When they were young, she and Andy were best friends. They played together constantly. They could be cowboys, scientists, cops, dancers, soldiers, teachers, pirates, or explorers. Their only limitations were their imaginations. It was wonderful to play with Andy. They understood each other in a way that transcended words, in a way she had never been able to fully explain.
She and Andy discovered new worlds together. They wowed audiences in great concert halls together, they robbed banks, and cured cancer, they looted and pillaged but what they really loved to do was dance. When she and Andy danced they were weightless. They would float over the mountains and soar above the valleys, carried by the whims of all the errant breezes to the ends of the earth. They lingered on clouds, high above the city, to watch sunsets while they listened to the dogs barking, far below.
As they got older though there were pressures, obstacles, that they could not have foreseen. Her parents encouraged her to meet and play with other girls. His mother enrolled him in Judo classes and baseball. Gradually they found that they had less and less contact but, they continued to steal precious hours together whenever they could. In these times they danced. Mainly they danced.
The day came when her father told her that she couldn’t see Andy anymore. “It isn’t right.” He told her, “People will talk,” he said. “You’re a young lady now.” He packed her up and drove her straightaway to Miss Claremore’s School for Girls in Baltimore.
Andy’s mom sent him away to a Military School in Williamsburgh.
She never saw Andy again but, she heard from him. She heard from him every year on her birthday. Without fail, on each birthday, for these last 70 years she got a card. His cards were postmarked from all over the world: California, Korea, Vietnam, England, Italy, Brazil. He was obviously a traveler. How did he know where to send them? He always knew. He always cared. He was still her best friend. He was her rock.

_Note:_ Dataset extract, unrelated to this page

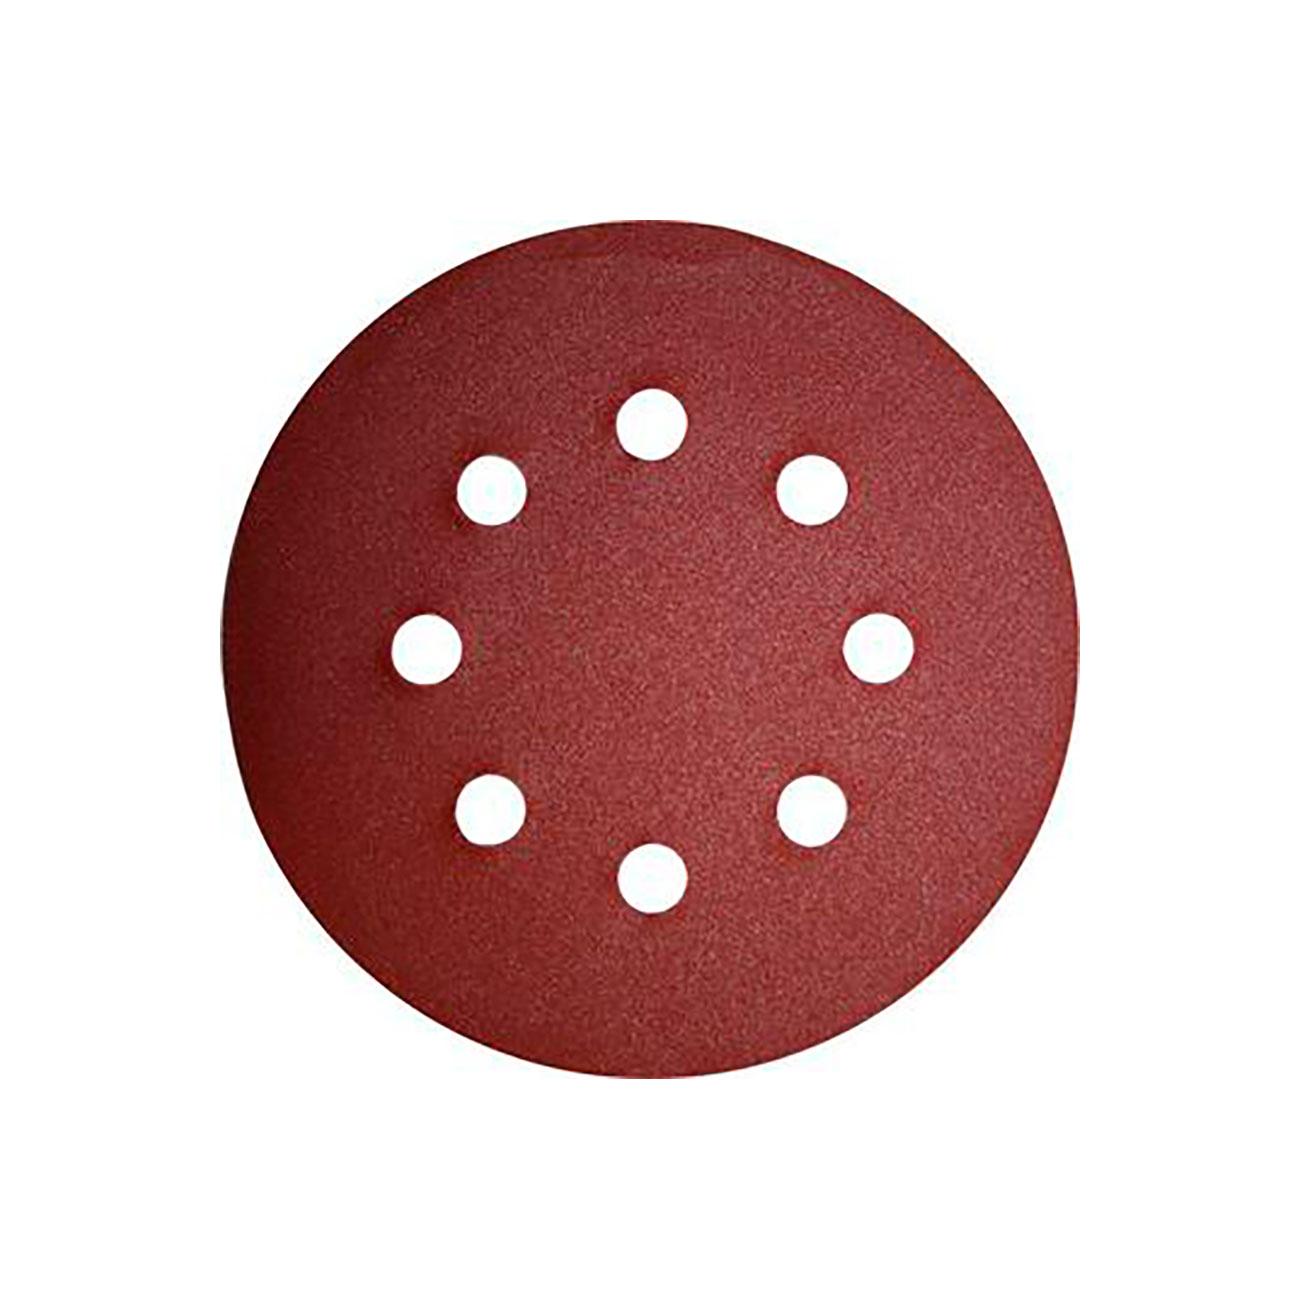 Фото Шлифовальные круги Практика Профи, на липкой основе, Р40, для металла и дерева, 8 отверстий, 125 мм (25 шт) {034-168}

He was Andy.
This morning the young orderly came in to wish her a happy birthday and when she asked about mail he said, “Sorry, Miss – none today.” He presented her with a pink cupcake decorated with a single lit candle which he blew out before handing it over. She set the cupcake aside and worried about Andy. I hope he’s OK. She knew he must be an old man now, even though in her mind’s eye he was still that young boy, that young boy with whom she had been happy, and with whom she had blissfully danced on the wind.
She stayed in her room all day. The orderlies brought her meals but she wasn’t hungry. She was worried. She pushed the food around a bit but didn’t really eat. When they checked on her at ‘lights out’ she was peaceful but, unresponsive in her easy chair. There was nothing the doctor could do. She was dancing again, dancing with Andy. They were going to dance all the way to the moon. It was good to be a young girl and to see Andy again. She had missed him terribly, all these years. She regretted leaving Andy, It was the only thing she regretted.